Shifting Infection Rates and Variant Diversity
The present study analyzes SARS-CoV-2 data from 13 regions since spring 2021, emphasizing infection rates, vaccination types, and virus evolution through over 8 million genetic sequences. Initial immunity was boosted by vaccinations, later by infections, with significant shifts in viral variants and diversity noted from 2022.
The study delved into the antigenic evolution of SARS-CoV-2 by utilizing cross-immunity data among different variants, establishing a cross-immunity matrix through neutralization assays, and observed that the highest immunity was present within the same variants, gradually declining with the emergence of new strains. They mapped immunity trajectories by integrating data on immunization timing, infection rates, and vaccinations.
A fitness model quantified the cross-immunity impact on viral evolution, incorporating reproductive numbers and generational intervals, predicting strain competition and adaptation.
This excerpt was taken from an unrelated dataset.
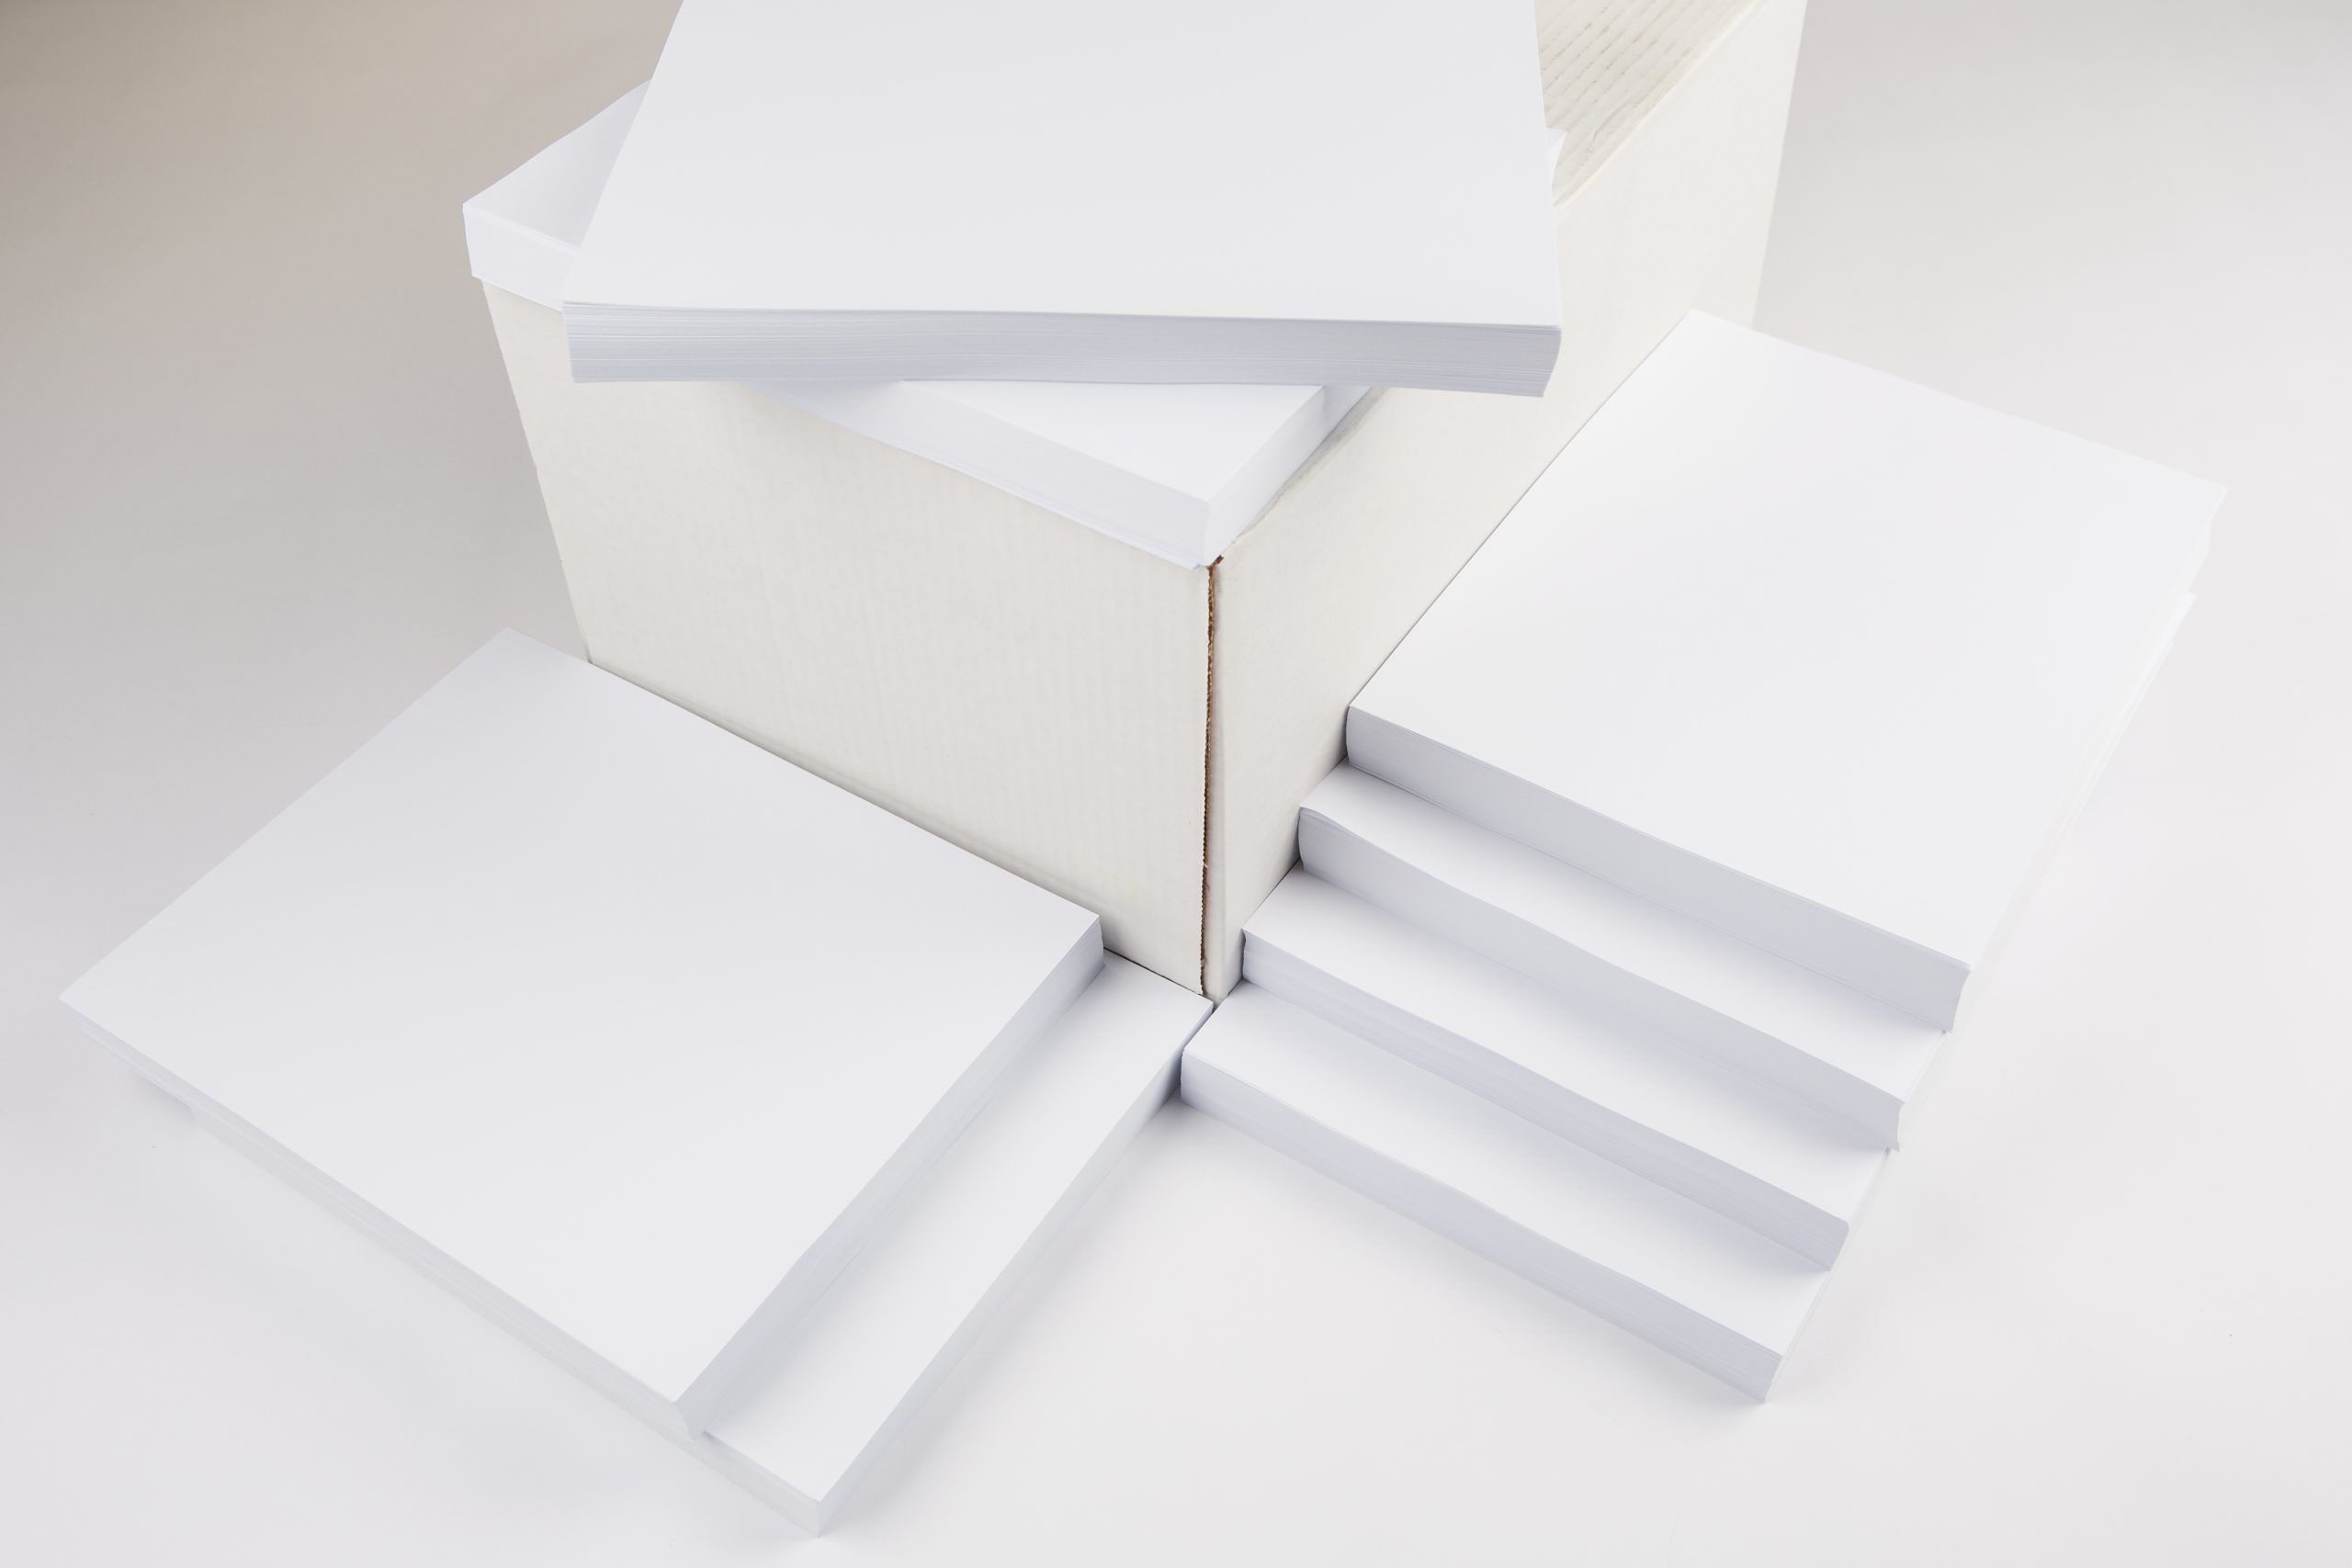 Us Letter Size Paper 8.5x11 Thermal Printer Paper Multipurpose
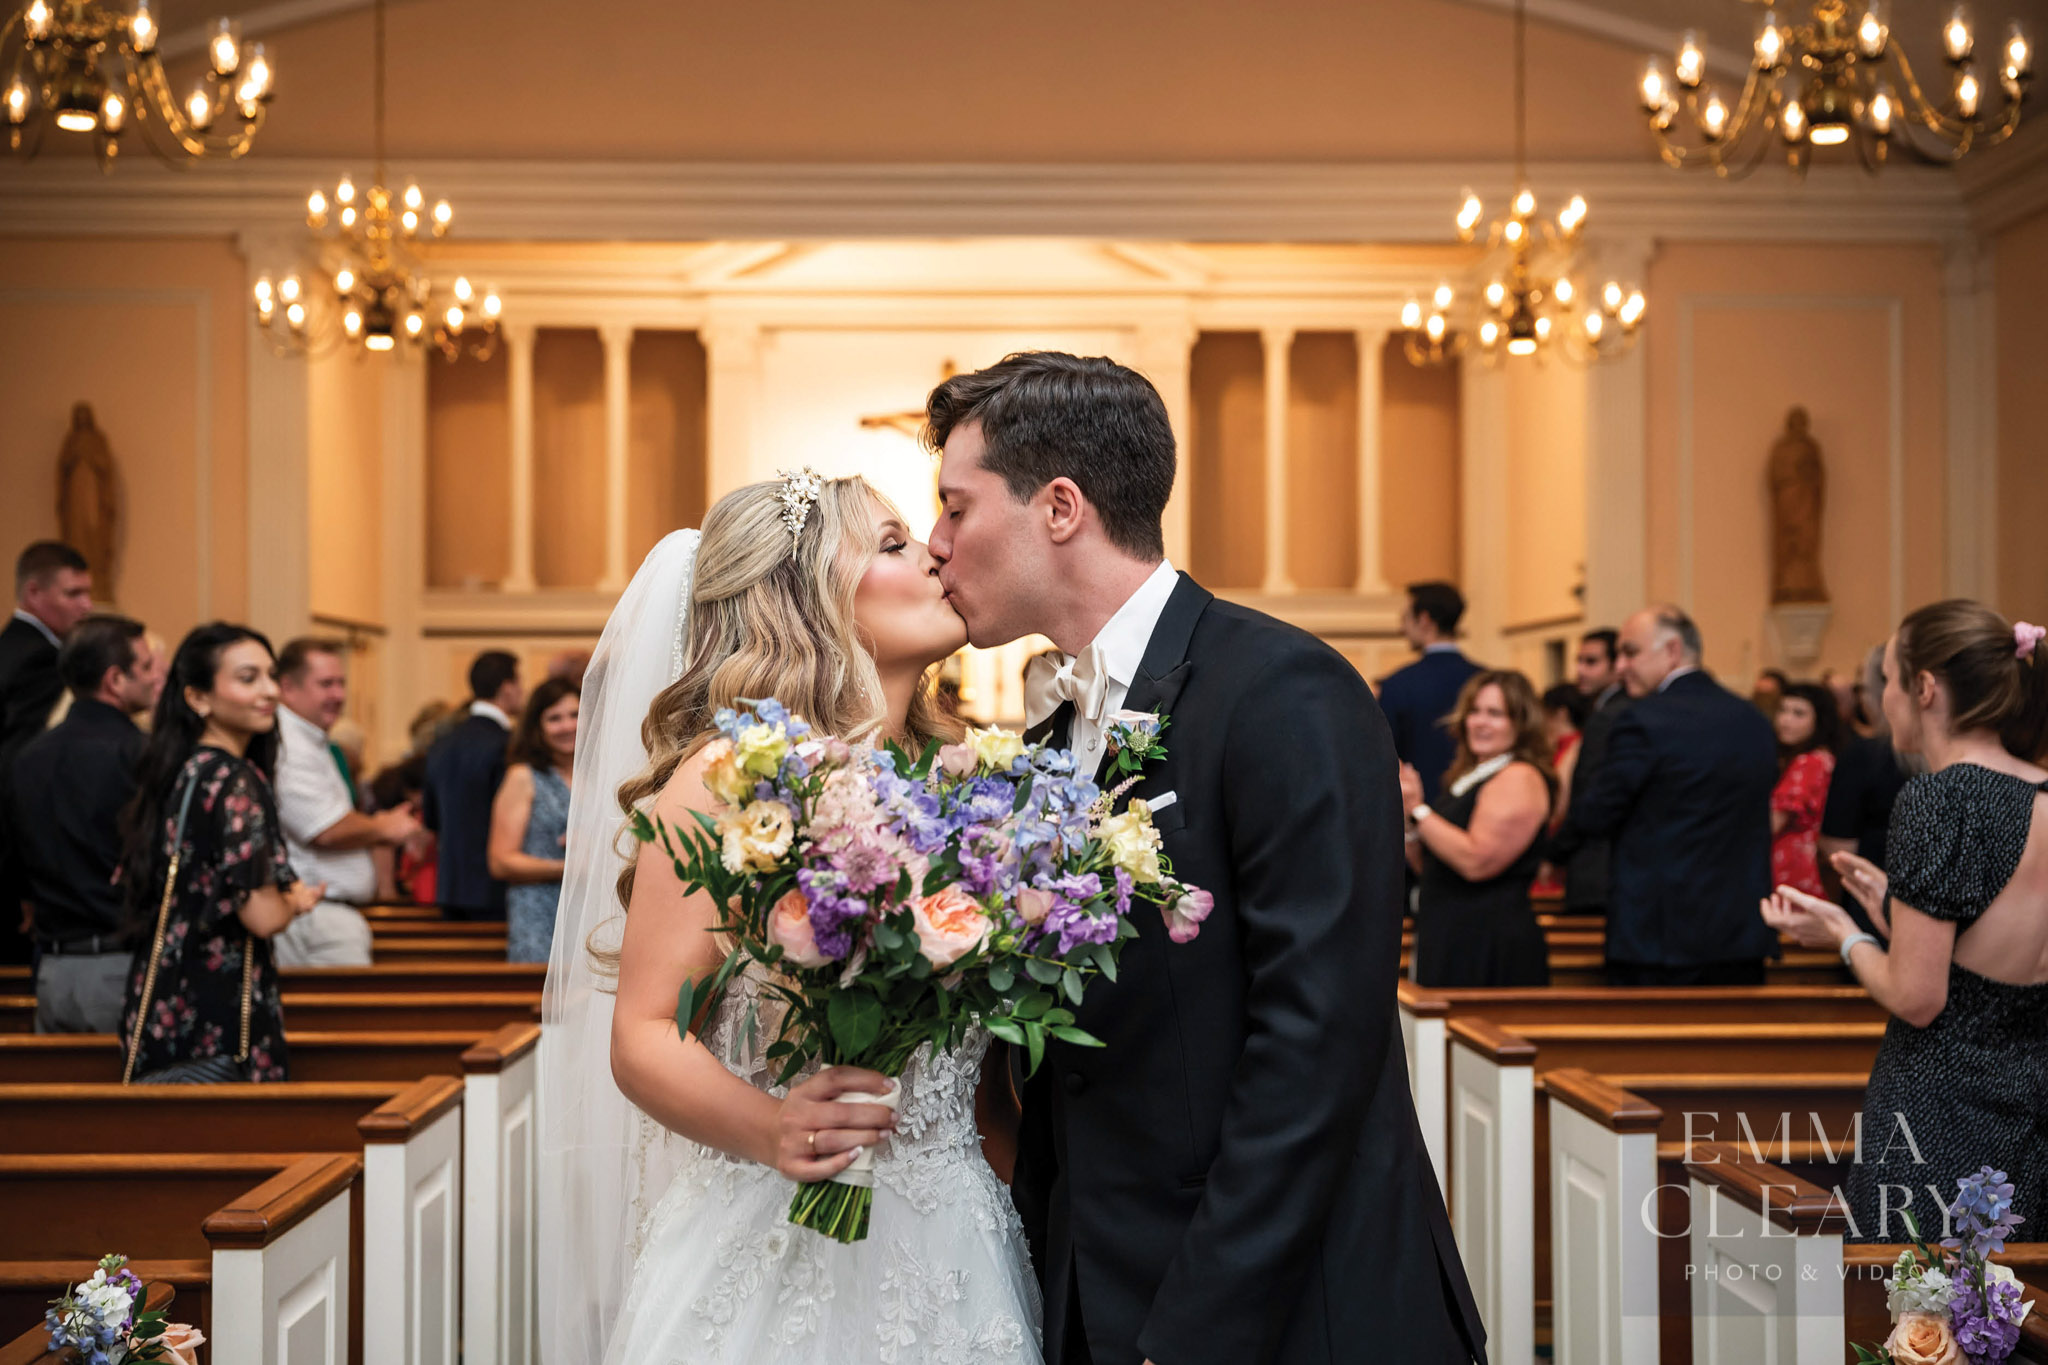 Wedding kiss in the church

However, individual cross-immunity variations and multiple infections were not considered. The model was calibrated with actual virus frequency data, demonstrating consistency with empirical data, especially concerning vaccination impact and immune waning on viral evolution.
How Vaccinations and Infections Shape the Virus's Path
The study highlights antigenic changes as pivotal in virus selection over intrinsic factors like transmissibility. The fitness model illustrates the selection forces behind major clade shifts, initially driven by intrinsic factors, then by antigenic selection post-Alpha, slowing down as the virus approaches endemicity.
Vaccination-induced antigenic selection is crucial in the virus's path. Primary vaccinations spurred positive selection, while broader-immunity boosters initially presented weaker selection for antigenic escape, changing with post-BA.2 variants. The model emphasizes the nuanced influence of vaccinations and prior infections on SARS-CoV-2 evolution.
The model accurately predicts short-term evolution and variant frequencies, like BF.7, BQ.1, and XBB, with XBB.1.5's surge attributed to enhanced Angiotensin-Converting Enzyme 2 (ACE2) binding. It forecasts antigenic profiles based on past immunity responses, identifying periods of intense antigenic selection. New variants, such as post-BA.4/5 exhibit convergent evolution, constrained by historical selection pressures. Surprisingly, BQ.1's fitness advantage is due to significant antigenic leaps, while XBB defies expectations based on mutations alone.
The model projects that bivalent booster vaccinations and recent infections will dominate the next antigenic shift, indicating that upcoming variants will likely adapt to these specific immune responses.